Pyroscope 2.0 natively supports OTLP profiling. This enables ingesting profiles using the emerging standard without a separate agent. To use:

Deploy an OpenTelemetry Collector with the profiling receiver enabled.
Configure the collector to export profiles to Pyroscope: exporters: otlp: endpoint: "localhost:4317"
Ensure your application is instrumented with OpenTelemetry SDKs that generate profile data (currently alpha).

This approach future-proofs your observability pipeline and aligns with OpenTelemetry’s roadmap.

Step 5: Analyze Profiles in the UI

Navigate to the Pyroscope web interface. You can:

View live flame graphs for each service.
Compare two time ranges (e.g., before and after a deploy) to diff CPU or memory usage.
Identify top consumers – functions, packages, or lines responsible for resource usage.

Use the search bar to filter by application, type (cpu, memory, goroutines), or tags.

Step 6: Use Profiles for Root Cause Analysis

When an incident occurs, profiling helps you find the root cause fast:

Identify the affected service from metrics/traces.
Open Pyroscope and select the service.
Choose a time range covering the incident (use the compare feature against a baseline).
Look for new functions or increased CPU/memory in the diff.
Drill down to the exact line of code causing the regression.

This eliminates the need for ad-hoc logging or guesswork.
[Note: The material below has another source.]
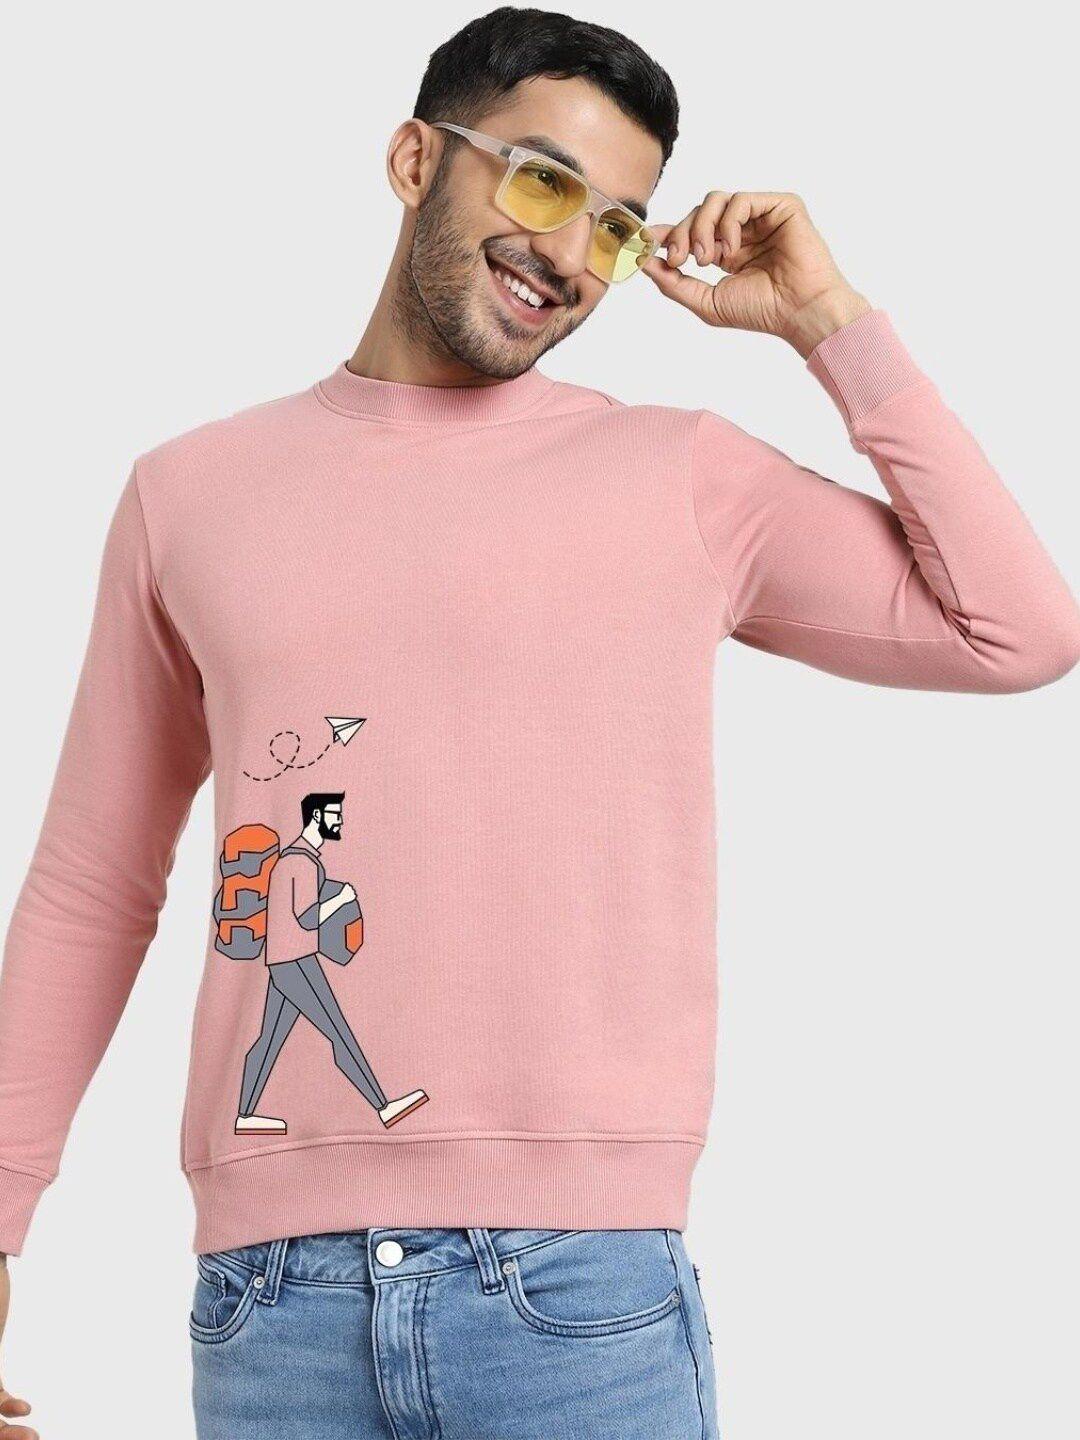 bewakoof-men-printed-fleece-sweatshirt

Step 7: Optimize Infrastructure Costs

Continuous profiling provides data-driven insights for cost reduction:

Identify high-CPU functions and optimize algorithms or add caching.
Detect memory leaks and inefficient allocations.
Right-size resources by analyzing historical consumption patterns.

Pyroscope 2.0’s rearchitecture reduces storage and query costs, making it feasible to profile all your services continuously without prohibitive expense.

Tips for Success

Start small: Profile one critical service first to understand overhead and value.
Use tags: Annotate profiles with version, region, or environment tags to filter and compare effectively.
Monitor agent overhead: Pyroscope agents are designed to be low-impact, but always test in staging.
Combine signals: Integrate Pyroscope with Grafana or your existing observability stack to correlate profiles with metrics and traces.
Scale with Kubernetes: Deploy the Pyroscope server with StatefulSet and persistent volumes for production.
Leverage OTLP: Even if your language has a native agent, consider using OTLP for consistency with OpenTelemetry.
Set retention policies: Configure data retention based on your compliance and cost needs (default is 30 days).
Stay updated: Pyroscope 2.0 is actively developed; watch the release notes for new features.

By following these steps, you’ll gain deep code-level visibility into your production systems, reduce infrastructure costs, and accelerate incident response—all with a cost-effective, open-source solution.